TASK INSTRUCTIONS:
Reproduce the records below exactly as shown.

RECORDS PROVIDED:

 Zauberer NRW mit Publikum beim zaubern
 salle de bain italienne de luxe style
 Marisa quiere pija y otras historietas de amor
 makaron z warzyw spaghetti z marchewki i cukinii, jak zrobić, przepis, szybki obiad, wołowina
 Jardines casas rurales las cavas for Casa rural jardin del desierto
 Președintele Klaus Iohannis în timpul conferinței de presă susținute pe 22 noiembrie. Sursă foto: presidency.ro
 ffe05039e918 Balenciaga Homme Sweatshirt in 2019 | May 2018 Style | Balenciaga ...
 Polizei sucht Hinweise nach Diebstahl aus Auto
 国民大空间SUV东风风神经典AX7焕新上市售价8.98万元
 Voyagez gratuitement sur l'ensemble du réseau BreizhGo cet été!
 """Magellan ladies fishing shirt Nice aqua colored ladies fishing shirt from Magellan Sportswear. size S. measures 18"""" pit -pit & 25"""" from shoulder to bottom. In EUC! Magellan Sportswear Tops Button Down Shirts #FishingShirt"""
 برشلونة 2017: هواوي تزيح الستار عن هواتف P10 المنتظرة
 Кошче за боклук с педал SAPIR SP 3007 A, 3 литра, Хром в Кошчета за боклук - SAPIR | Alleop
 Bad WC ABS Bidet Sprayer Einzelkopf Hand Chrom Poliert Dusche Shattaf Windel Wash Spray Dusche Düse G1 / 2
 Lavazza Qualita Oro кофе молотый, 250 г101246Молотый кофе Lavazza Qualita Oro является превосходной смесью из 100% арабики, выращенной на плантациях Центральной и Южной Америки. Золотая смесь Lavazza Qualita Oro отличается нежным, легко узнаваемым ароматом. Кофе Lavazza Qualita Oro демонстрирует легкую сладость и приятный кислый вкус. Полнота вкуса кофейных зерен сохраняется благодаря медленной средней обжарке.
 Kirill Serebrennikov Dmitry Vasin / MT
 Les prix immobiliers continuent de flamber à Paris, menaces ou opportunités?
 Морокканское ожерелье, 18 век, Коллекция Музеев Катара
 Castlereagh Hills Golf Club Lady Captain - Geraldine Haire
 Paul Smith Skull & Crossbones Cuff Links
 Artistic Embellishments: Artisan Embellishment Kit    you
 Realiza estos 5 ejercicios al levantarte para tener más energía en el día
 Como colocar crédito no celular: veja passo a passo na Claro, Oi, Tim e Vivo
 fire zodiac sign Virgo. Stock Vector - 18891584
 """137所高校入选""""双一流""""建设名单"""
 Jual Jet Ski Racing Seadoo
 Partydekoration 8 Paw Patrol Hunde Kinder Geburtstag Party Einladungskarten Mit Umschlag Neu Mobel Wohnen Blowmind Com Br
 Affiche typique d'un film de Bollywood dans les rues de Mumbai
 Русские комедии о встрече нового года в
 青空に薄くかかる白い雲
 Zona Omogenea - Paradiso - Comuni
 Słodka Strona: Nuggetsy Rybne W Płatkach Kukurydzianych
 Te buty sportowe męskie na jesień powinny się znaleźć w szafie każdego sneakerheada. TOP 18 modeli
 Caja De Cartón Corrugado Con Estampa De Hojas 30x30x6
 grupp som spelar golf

TASK OUTPUT:
 Zauberer NRW mit Publikum beim zaubern
 salle de bain italienne de luxe style
 Marisa quiere pija y otras historietas de amor
 makaron z warzyw spaghetti z marchewki i cukinii, jak zrobić, przepis, szybki obiad, wołowina
 Jardines casas rurales las cavas for Casa rural jardin del desierto
 Președintele Klaus Iohannis în timpul conferinței de presă susținute pe 22 noiembrie. Sursă foto: presidency.ro
 ffe05039e918 Balenciaga Homme Sweatshirt in 2019 | May 2018 Style | Balenciaga ...
 Polizei sucht Hinweise nach Diebstahl aus Auto
 国民大空间SUV东风风神经典AX7焕新上市售价8.98万元
 Voyagez gratuitement sur l'ensemble du réseau BreizhGo cet été!
 """Magellan ladies fishing shirt Nice aqua colored ladies fishing shirt from Magellan Sportswear. size S. measures 18"""" pit -pit & 25"""" from shoulder to bottom. In EUC! Magellan Sportswear Tops Button Down Shirts #FishingShirt"""
 برشلونة 2017: هواوي تزيح الستار عن هواتف P10 المنتظرة
 Кошче за боклук с педал SAPIR SP 3007 A, 3 литра, Хром в Кошчета за боклук - SAPIR | Alleop
 Bad WC ABS Bidet Sprayer Einzelkopf Hand Chrom Poliert Dusche Shattaf Windel Wash Spray Dusche Düse G1 / 2
 Lavazza Qualita Oro кофе молотый, 250 г101246Молотый кофе Lavazza Qualita Oro является превосходной смесью из 100% арабики, выращенной на плантациях Центральной и Южной Америки. Золотая смесь Lavazza Qualita Oro отличается нежным, легко узнаваемым ароматом. Кофе Lavazza Qualita Oro демонстрирует легкую сладость и приятный кислый вкус. Полнота вкуса кофейных зерен сохраняется благодаря медленной средней обжарке.
 Kirill Serebrennikov Dmitry Vasin / MT
 Les prix immobiliers continuent de flamber à Paris, menaces ou opportunités?
 Морокканское ожерелье, 18 век, Коллекция Музеев Катара
 Castlereagh Hills Golf Club Lady Captain - Geraldine Haire
 Paul Smith Skull & Crossbones Cuff Links
 Artistic Embellishments: Artisan Embellishment Kit    you
 Realiza estos 5 ejercicios al levantarte para tener más energía en el día
 Como colocar crédito no celular: veja passo a passo na Claro, Oi, Tim e Vivo
 fire zodiac sign Virgo. Stock Vector - 18891584
 """137所高校入选""""双一流""""建设名单"""
 Jual Jet Ski Racing Seadoo
 Partydekoration 8 Paw Patrol Hunde Kinder Geburtstag Party Einladungskarten Mit Umschlag Neu Mobel Wohnen Blowmind Com Br
 Affiche typique d'un film de Bollywood dans les rues de Mumbai
 Русские комедии о встрече нового года в
 青空に薄くかかる白い雲
 Zona Omogenea - Paradiso - Comuni
 Słodka Strona: Nuggetsy Rybne W Płatkach Kukurydzianych
 Te buty sportowe męskie na jesień powinny się znaleźć w szafie każdego sneakerheada. TOP 18 modeli
 Caja De Cartón Corrugado Con Estampa De Hojas 30x30x6
 grupp som spelar golf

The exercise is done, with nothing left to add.